Some people prefer knowing the truth to wondering about all the possible answers and variations. Others prefer not knowing the truth and having some things veiled in mystery. A lot of things remain a mystery and probably will, due to the limitations of our current knowledge and research capabilities.
Some things, however, are known and people go to great lengths to learn new ones. Magic is one of those things. It is everywhere, from fairs, local shows to online casinos.
A large part of magic is illusion, where people often lose track of what’s going on, they stop paying attention to the important things and magic can take place. Here is how illusion works and what it is all about.
These can be simple illusions, but can also be quite complex. These illusions involve our eyesight and the brain interpreting the information, trying to make sense of the world around us. The brain always wants to make sense, but when it sees conflicting visual information, it gets boggled and we see illusions, at least the optical kind.
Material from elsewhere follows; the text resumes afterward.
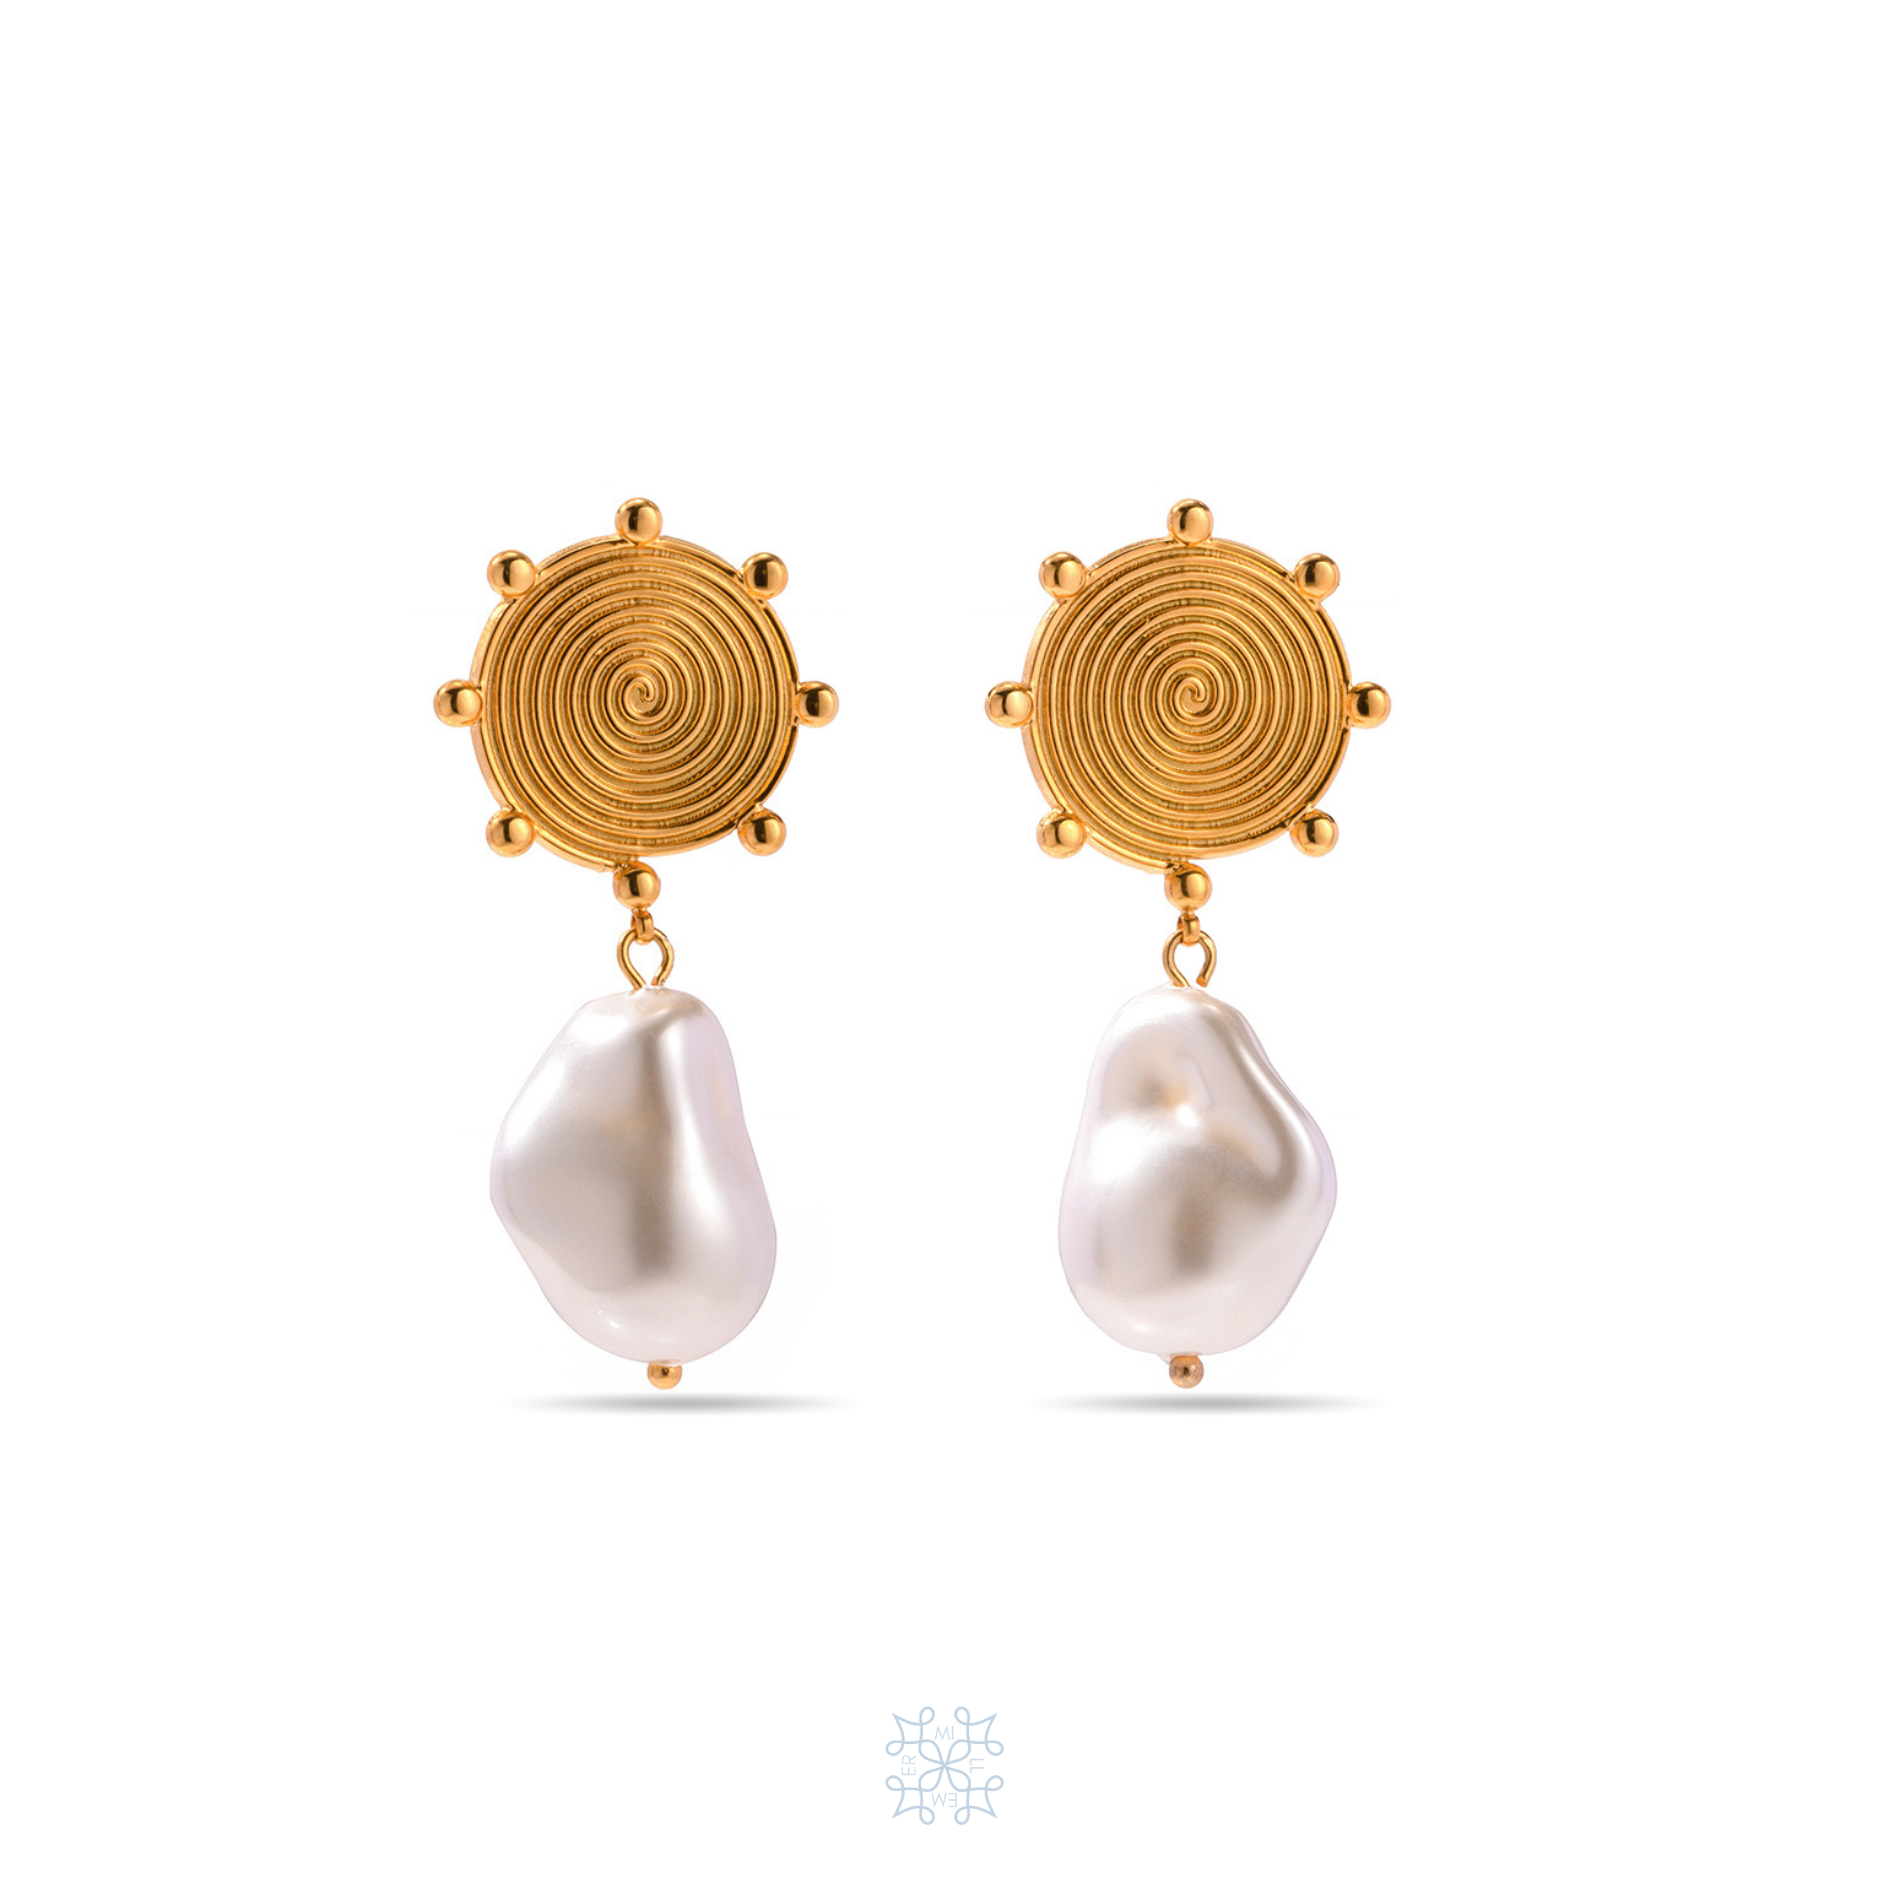 NEST Pearl Gold Earrings. The top part of the earrings is a circle with spiral form engraved on it. In the frame of the circle are 8 decorating small sphere attached. An irregular form whit pearl drop at the bottom of the earring. 
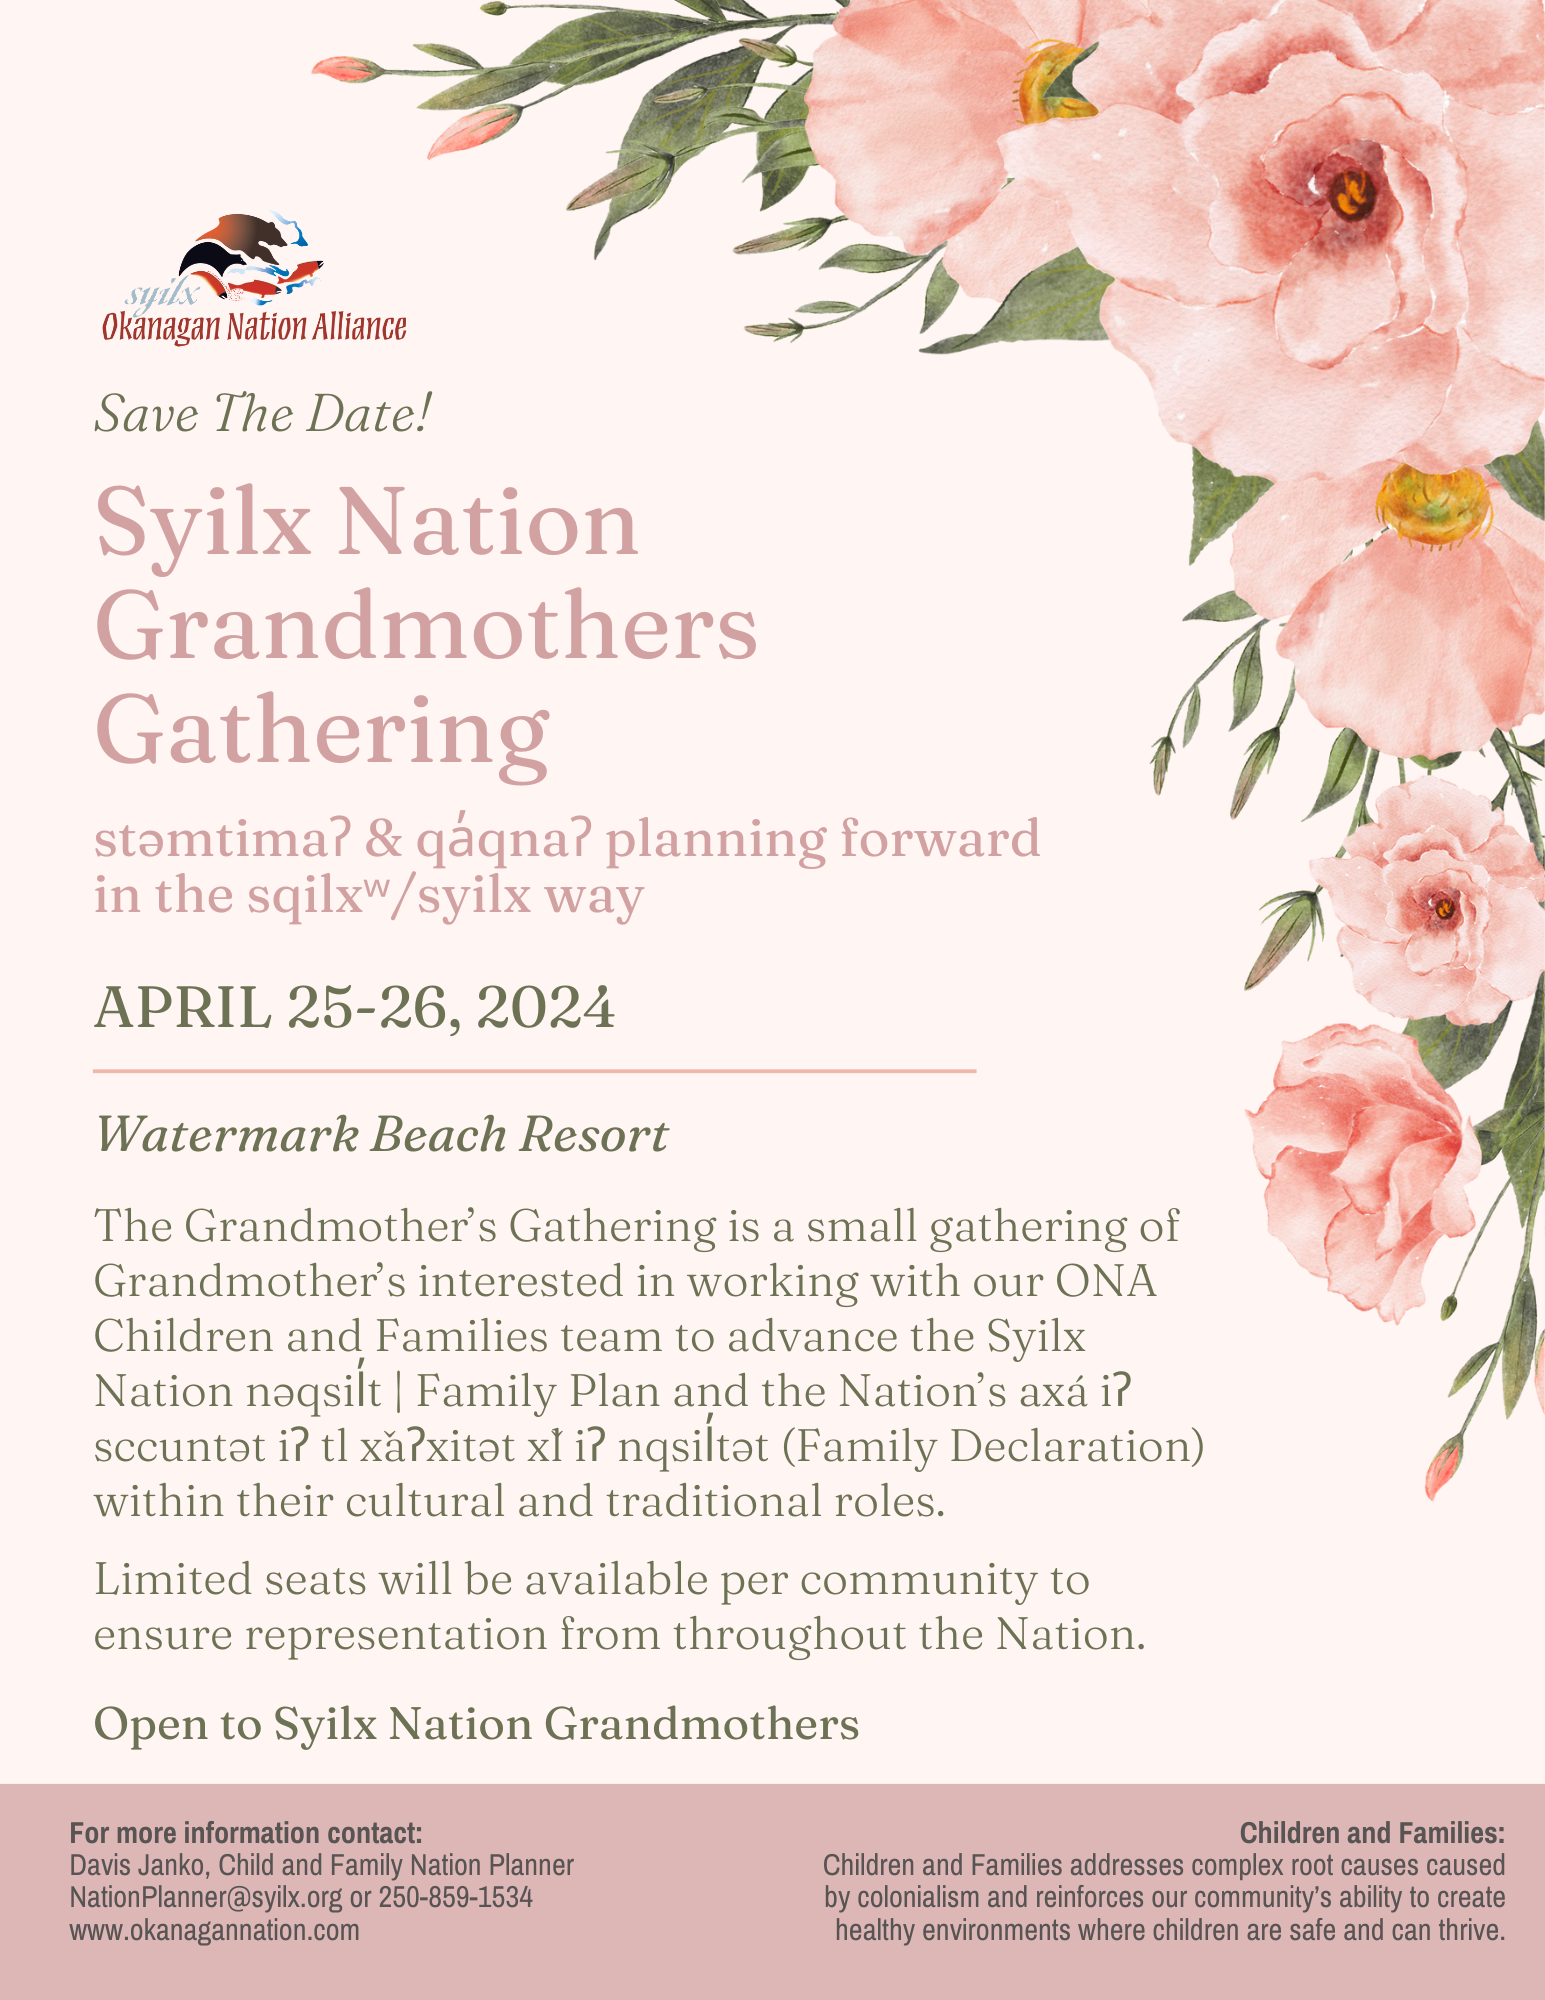 Save the date: Syilx Nation Grandmothers Gathering

These are important for studying how our brain works. The Moire effect, for example, is very interesting because we perceive various dots and shapes inside circles, with more shapes in between the circles, as moving, when they are actually still.
Neuroscience Steps In
Some answers, unlike others, can come from science. It is no longer magic if we can measure it and explain it, right? It is right to an extent. There is an experiment/illusion called the Standing Wave. Three bars of light, upwards, close to one another, flicker with light. We perceive all three of them. Once they move together, closer and closer, the bar in the middle should become invisible to our brain. The eyes keep perceiving all three.
What happens here is that the brain that neurons suppress the middle bar because they are also reacting to the two outer bars, closing in. This way, the information doesn’t reach the conscious brain, sort of like misdirection.
Classic Misdirection – Look Over Here
MAgicians are very smart people who use their mastery of misdirection to divert our attention from something which is important, like a magic trick. This can have many forms. Social misdirection is one of the most often ones, using assistants and having audience members on stage, not to mention talking to the audience or using doves and other props.
Another way to divert attention is with the eyes. We as animals love eye contact and will follow what the magician’s eyes are doing.
Then come the jokes. As soon as you start laughing, you will drop your guard and ta da, the trick has already been done and you blinked.
A Bit of Everything
Magical illusions are often a combination of optical illusions, combined with the way the brain perceives everything, not to mention the fact that the magician is actively trying to divert attention so that the magic can take place. While illusions can be of only a single sort, they are more often than not a combination of multiple things, as well as the audience’s willingness to look the other way, sometimes even on purpose.